Um anônimo enviou esta mensagem “A viagem parece espetacular, como sempre são as viagens de moto. Mas o protagonista precisa lembrar que está viajando e curtir mais, sem se estressar com tantos problemas de consumo, de estrutura, de opinião política, de análise social e até de vestuários dos locais, etc, etc. O nível de críticas, observações negativas e reclamações é bem maior que o de elogios ou “curtições”. Viajar de moto não é para fazer análise política e sim para diversão, esse é o conselho que deixo, ao lado de meus parabéns pelo excelente projeto de vida. Grande abraço e boa viagem de outro Viajante de moto. “.
Não queremos somente curtir a viagem de moto. Queremos registrar tudo que eu e Ade estamos vivenciando.
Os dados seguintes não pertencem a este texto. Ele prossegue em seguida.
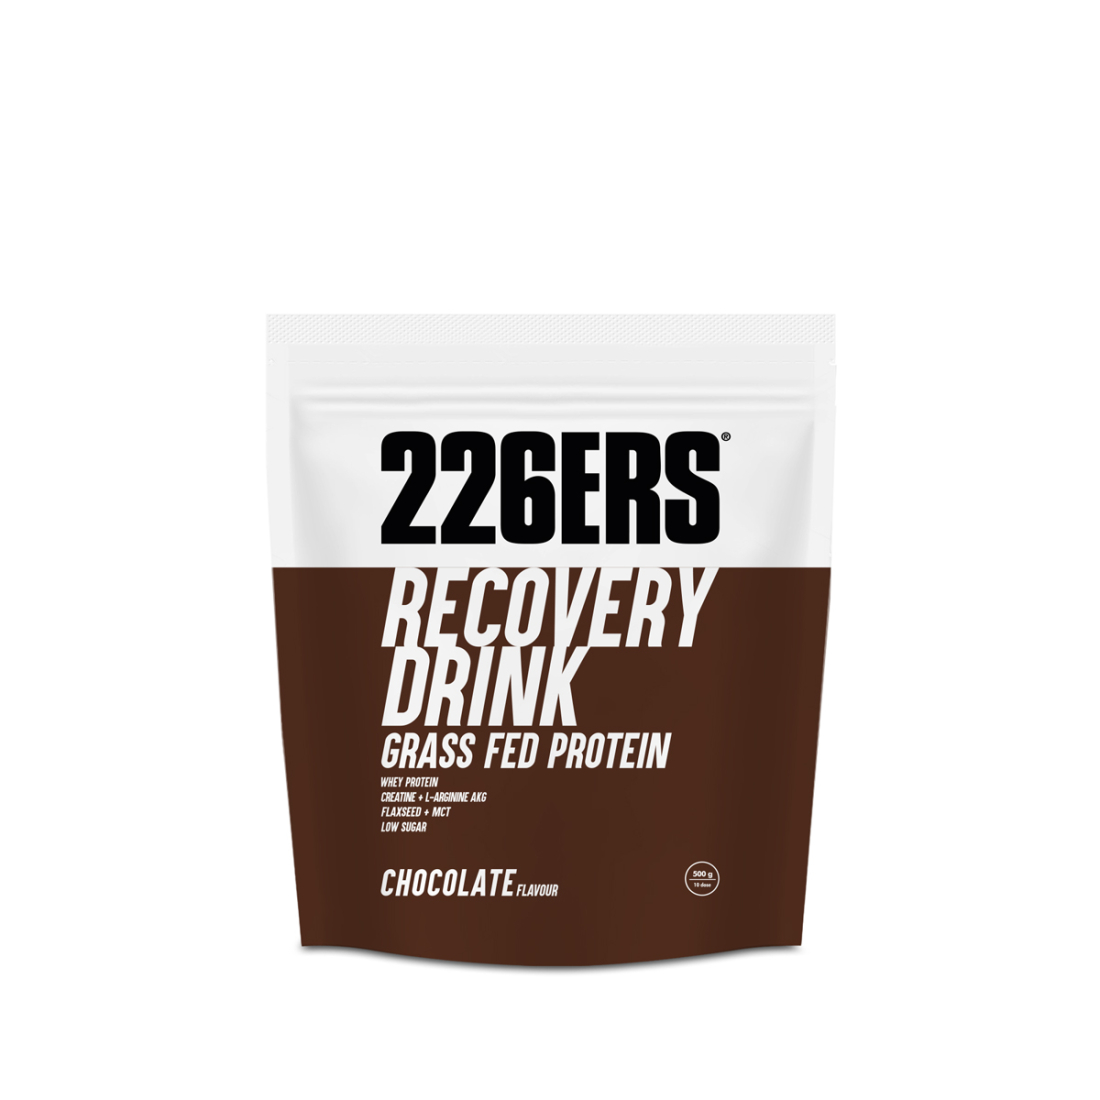 RECOVERY DRINK - Grass Fed Protein -...

Queremos falar da beleza que é curtir uma viagem nos vários aspectos, especialmente daqueles que envolvem a qualidade dos humanos nas diferentes regiões.
Queremos vivenciar o prazer de viajar de moto, conhecer os locais, as pessoas, comentar as decisões, o jeito de fazer as coisas, a parcimônia, a caridade, a necessidade, o descaso, a alegria, o costume, a comida, a virtude, a honestidade, o preço, a política, a tendência, a infraestrutura, o convívio, o comércio, a produção, o clima, a roupa, a sujeira, o trânsito, o comportamento, o perigo, a beleza e tudo mais que passar pelas nossas vidas durante a viagem.
Assim, esta cena de um cachorro folgado que esculpiu sua própria cama na areia da praia, não podemos deixar escapar.